The definition of reverse pair is as follows: for the i-th and j-th elements of the sequence, if i<j and a[i]>a[j], then it is a reverse pair; otherwise, it is not.
Input format
The first line contains the integer n, indicating the length of the sequence.

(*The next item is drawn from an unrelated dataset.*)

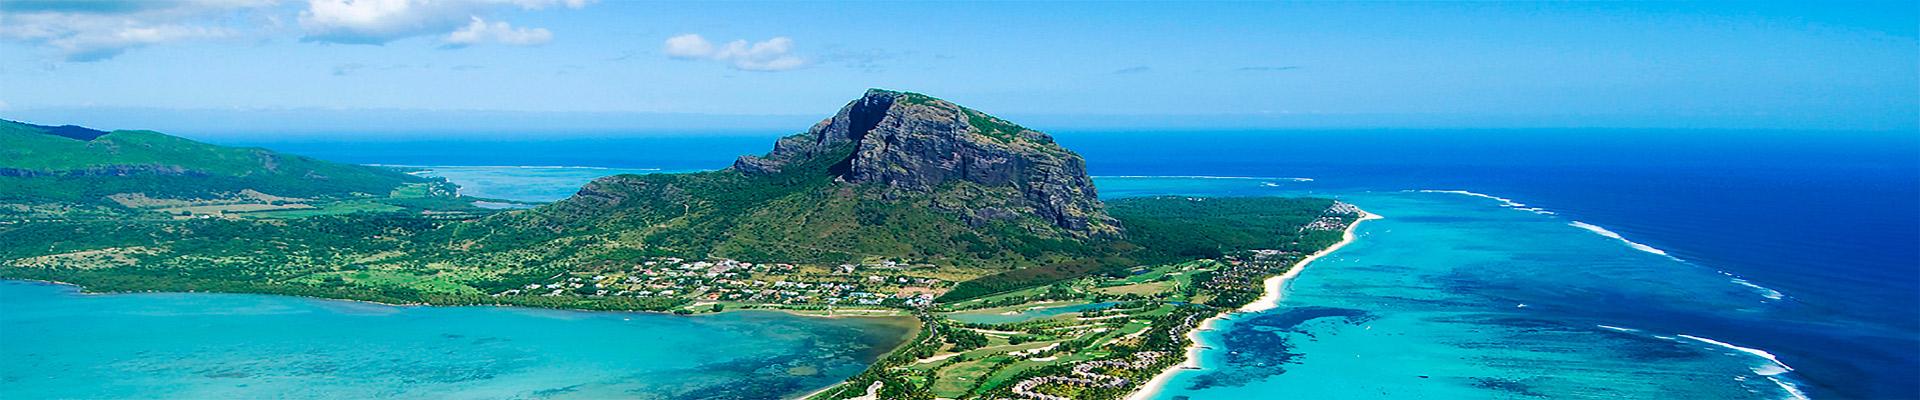 Mauritius e África do Sul

The second line contains n integers representing the entire sequence.
Output format
Output an integer, indicating the number of reversed pairs.
The data range
is 1≤n≤100000, and
the value range of the elements in the array is [1,109].
Input sample:
6
2 3 4 5 6 1
Output sample:
5
#include <iostream>
using namespace std;
typedef long long LL;
const int N = 100010;
int q[N],tmp[N];
LL merge_sort(int l, int r) // 归并排序
{
if (l >= r) return 0;
int mid = l + r >> 1;//从中间划分
//结果用res存
LL res = merge_sort(l, mid)+merge_sort(mid + 1, r);
//归并排序,依旧是分成两段进行比较
int k= 0, i = l, j = mid + 1;
//二路归并,用两个指针
//这一次要找的是大于的位置,所以依旧是当左边小于右边时,就i++
while (i <= mid && j <= r)
//如果前一半的值小于后一半的值的话,将前一半的这个值放入tmp中,指针i向后挪动1位
if (q[i] <= q[j]) tmp[k++] = q[i++];
//否则指针j向后挪动一位,并且此时可以将res的结果得出
//说明从i开始到mid结束的数的个数都是符合res结果的,所以res = mid -i+ 1
else
{
tmp[k++] = q[j++];
res += mid - i + 1 ;
}
//当不满足i <= mid && j <= r后,说明有一半的已经走向了尽头,剩下的就全部放入tmp中就可以了
while(i<= mid)
tmp[k++] = q[i++];
while(j<= r)
tmp[k++] = q[j++];
//物归原主
for (int i = l,j = 0; i <=r; i ++, j++){
q[i] = tmp[j];
}
return res ;
}
int main()
{
int n;
//输出序列长度
cin >> n;
//输入序列
for (int i = 0; i < n; i ++ ){
cin >> q[i];
}
cout << merge_sort(0,n-1) <<endl;
return 0;
}